## [INPUT]
╔══

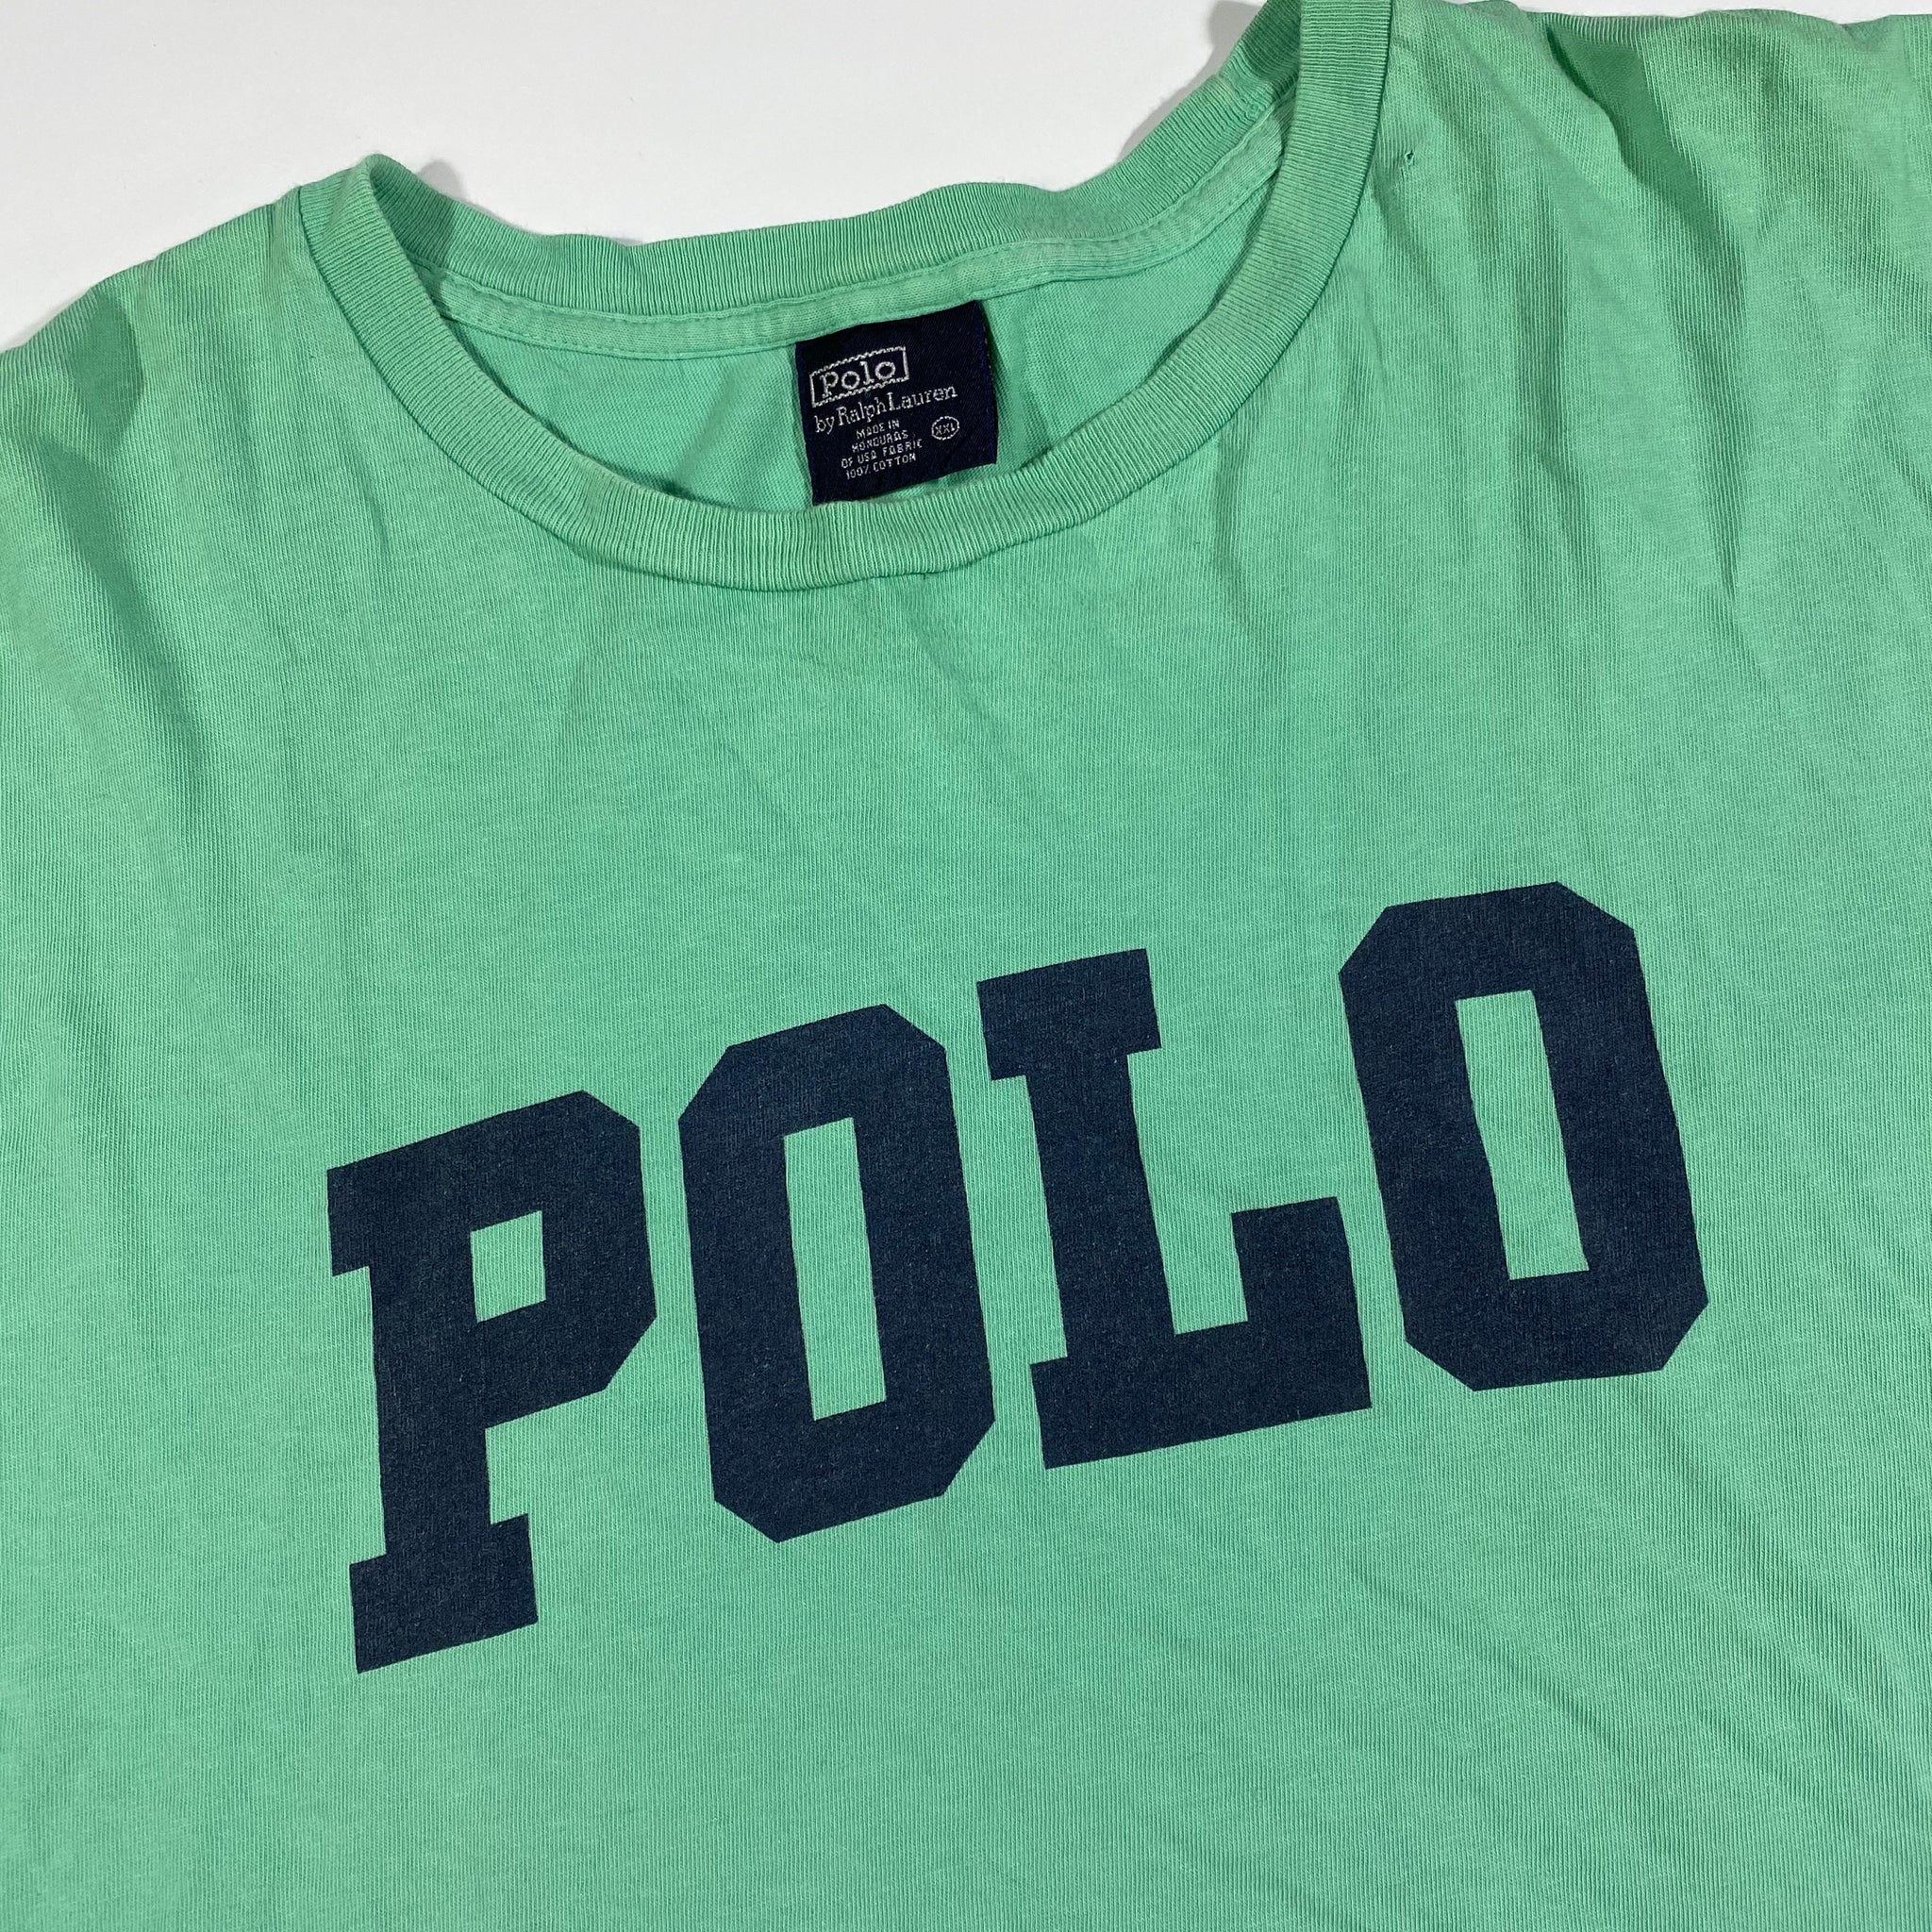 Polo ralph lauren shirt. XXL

╚══
╔══

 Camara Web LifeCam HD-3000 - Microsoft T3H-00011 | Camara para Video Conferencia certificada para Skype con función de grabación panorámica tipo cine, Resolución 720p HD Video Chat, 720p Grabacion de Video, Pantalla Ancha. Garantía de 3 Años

╚══
╔══

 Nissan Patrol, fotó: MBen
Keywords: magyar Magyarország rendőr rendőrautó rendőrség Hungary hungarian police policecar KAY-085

╚══

## [WHAT IS BEING ASKED]
All that should be written out is the stretch of lines above between the one holding "Nissan Patrol, fotó: MBen" and the one holding "Keywords: magyar Magyarország", inclusive, exactly as given.

## [PROBLEM SOLUTION]
 Nissan Patrol, fotó: MBen
Keywords: magyar Magyarország rendőr rendőrautó rendőrség Hungary hungarian police policecar KAY-085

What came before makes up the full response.